The lobulated sign is closely associated with the growth pattern of malignant tumors, with unbalanced growth of solid components within it, resulting in radiographic changes similar to cauliflower-like ones (36). In partially solid nodules, a lobulated border is more invasive (37, 38), and this phenomenon is present in multiple cancers (39). In this study, the OR of the lobulated sign was 3.006(95% CI 1.098–8.227), which I believe has a high value in predicting the development of lung cancer invasion.
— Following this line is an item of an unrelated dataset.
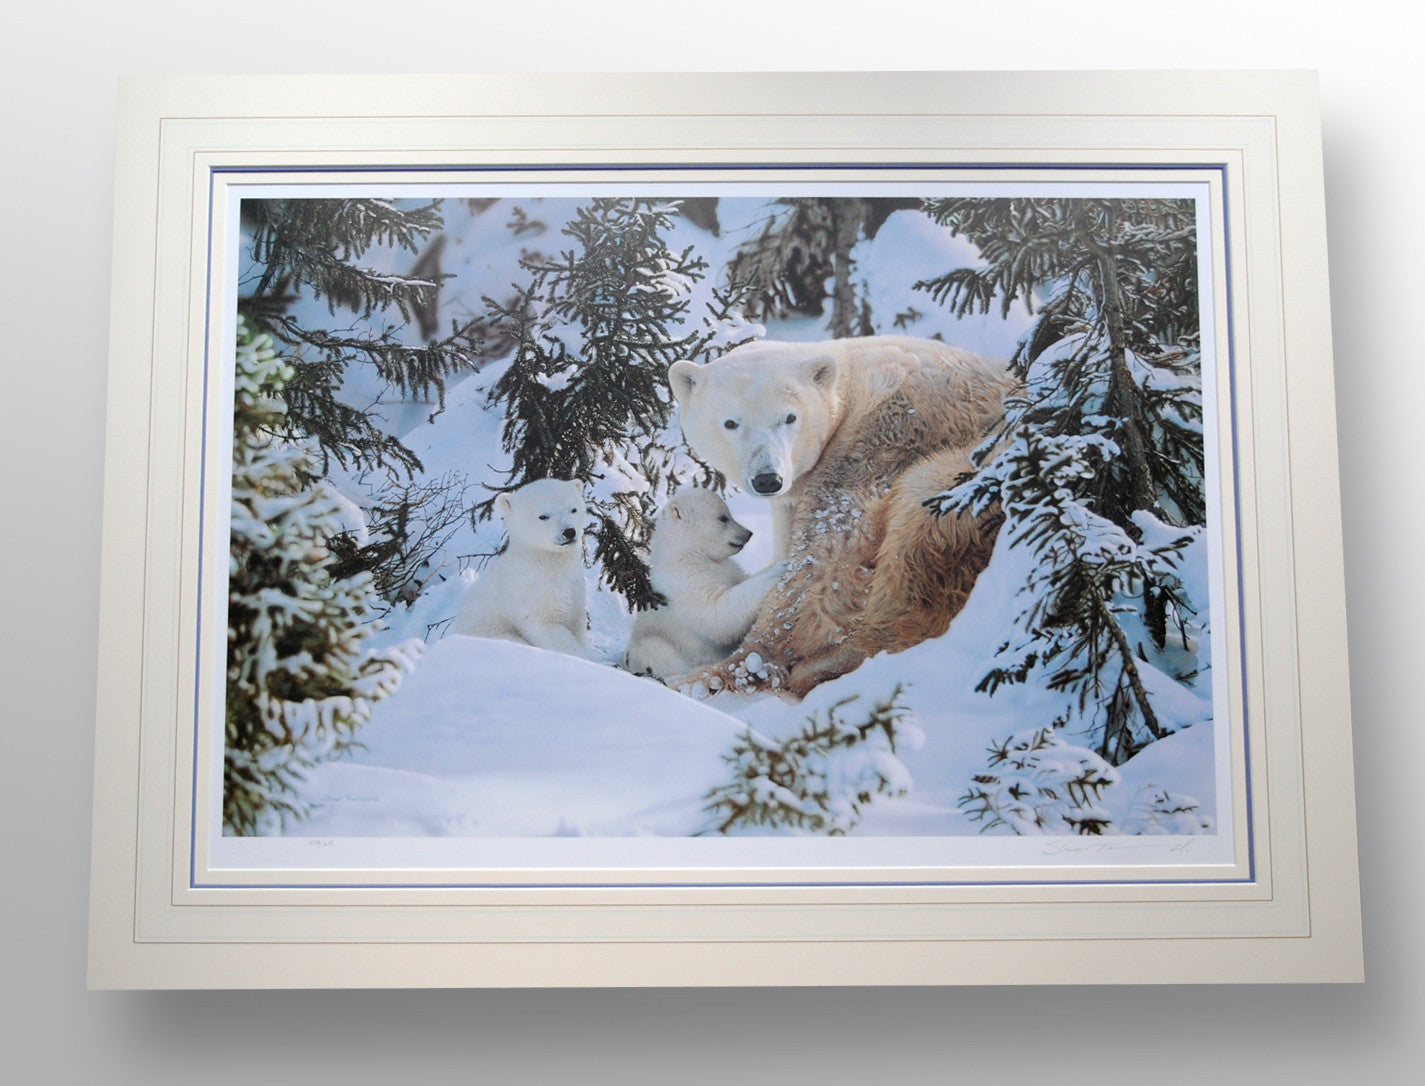 "Warmth of Nature" by Steven Townsend (limited edition print)

The bronchial sign refers to the presence of an air-bearing track within the nodule(40), which is common in malignant nodules(41), and is mostly due to the fact that the trachea extends in reverse within the tumor when the tumor retracts due to fibrosis. This symptom is seen in all lung cancer cell types but is more common in adenocarcinoma (42). According to Qiang JW et al, there are five types of bronchial sign, including continuous open type, enveloping type, tree-like narrowing type, compressed narrowing type, and compressed flat type, the first three types are associated with malignant progression of tumours(43). Multidisciplinary studies in imaging and molecular biology have shown that bronchial signs are associated with mutations in EGFR activity(44). Therefore, our study confirms that it is significant to classify it as an imaging risk factor for the development of infiltration in GGN.
Our prediction model still has some limitations. First, our data came from a single centre and were investigated only in the Chinese population, thus limiting the generalizability of the model; and our study used a two-dimensional CTR value rather than a three-dimensional proportion of solid components; In addition, the characterization of the patient's imaging features is subjective and may have an impact on the outcome. I think that adding a three-dimensional dimension of the proportion of solid components, conducting a multi-center study may improve the model's predictive performance.